During the pandemic, Minnie’s was open for takeout customers. It was also open to anyone in the community who needed food or some grocery items and couldn’t get to the store or afford to pay for food.

Smart offered free breakfast and lunch to children, no questions asked, noting that parents would otherwise have to take their children to King Middle School, the closest pickup location for food from Manatee County Schools, for “a sack lunch with a sandwich. They weren’t going to do that. I have a restaurant. Why not help?”

She also offered free meals to local seniors and grocery items for sale through the restaurant for anyone who didn’t want to take their chances in a local grocery store. And when someone needed something and wasn’t able to get to Minnie’s to pick it up, Smart and her staff made sure that person got what they needed.

“I don’t think I did anything that anyone else wouldn’t do,” she said.

And while Smart was working to help the community, when Minnie’s was in financial trouble over the summer due to the pandemic shut down and restrictions, the community reached out and helped the restaurant and its staff in return.

Smart said the outpouring of support and love from the community was both overwhelming and wonderful.

“Without the community, we would’ve shut down in August,” she said. “You do what you can do. Maybe I did help some people out but they help me out a lot.”

Now, though the restaurant is open for dine-in and takeout customers, Smart said things are still tough financially but she hopes for a better future for herself, her staff and the restaurant that she loves.

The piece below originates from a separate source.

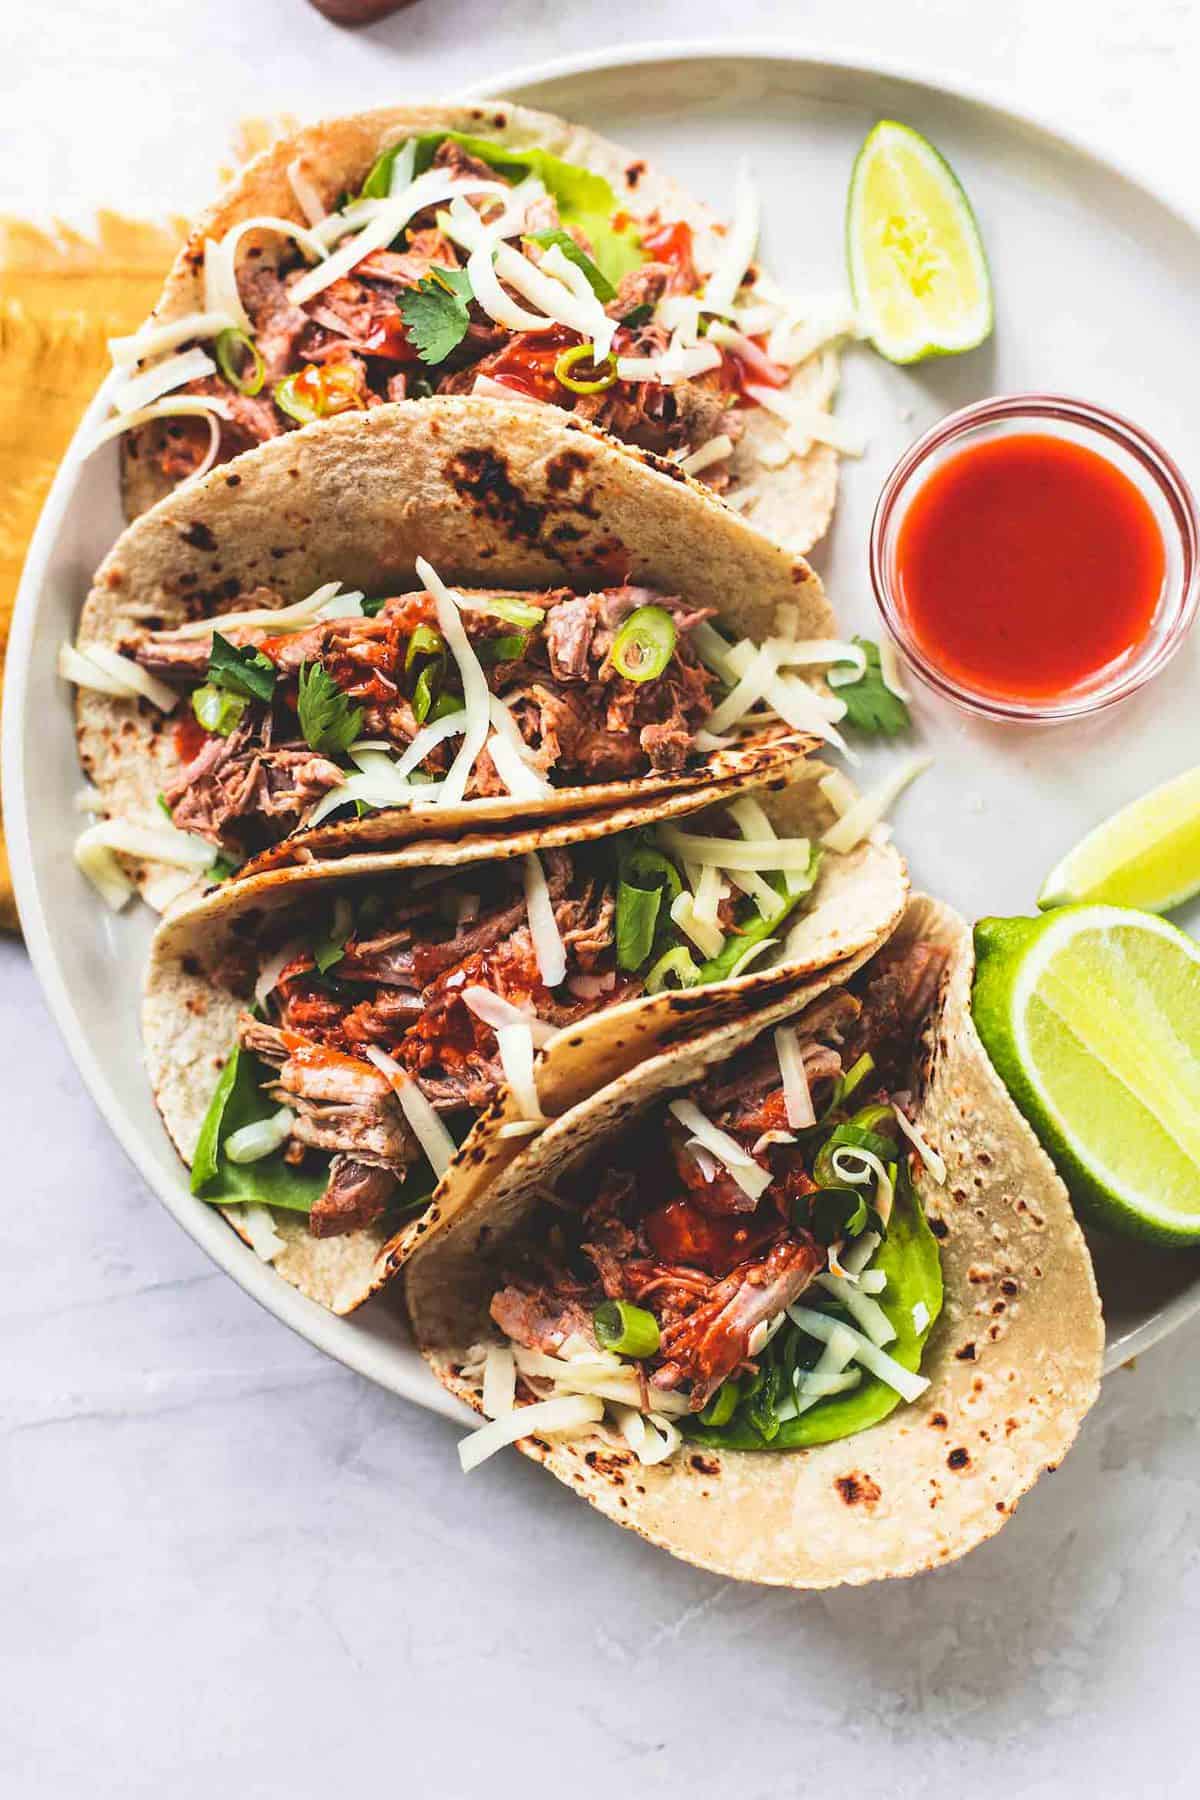 Slow Cooker Pulled Pork Tacos – The Dirty Gyro

“It’s scary. It’s very scary,” she said of the ongoing pandemic. She added that when the shutdowns and restrictions began in March, she thought it would only be a month or so before things were under control and went back to normal. Now, nearly 10 months later, she hopes that the COVID-19 vaccines will help bring things back to a semblance of how they were.

“I hope that by spring the Island can go back to the way it was,” Smart said, adding that she also hopes that people will soon be able to visit without fear of catching the virus and that her staff will be able to work without having the same fear.

For right now, she said the restaurant is doing more takeout business than it used to and her plan is to “go with the flow and hope that things work out for the best for everyone.”

Smart’s hope going into the new year is that the pandemic will bring people closer together rather than pushing them apart, that she can keep Minnie’s Beach Café going, that the virus goes away and that everyone will finally be safe.

To the community that has embraced her and her business, Smart simply said, “Thank you so much.”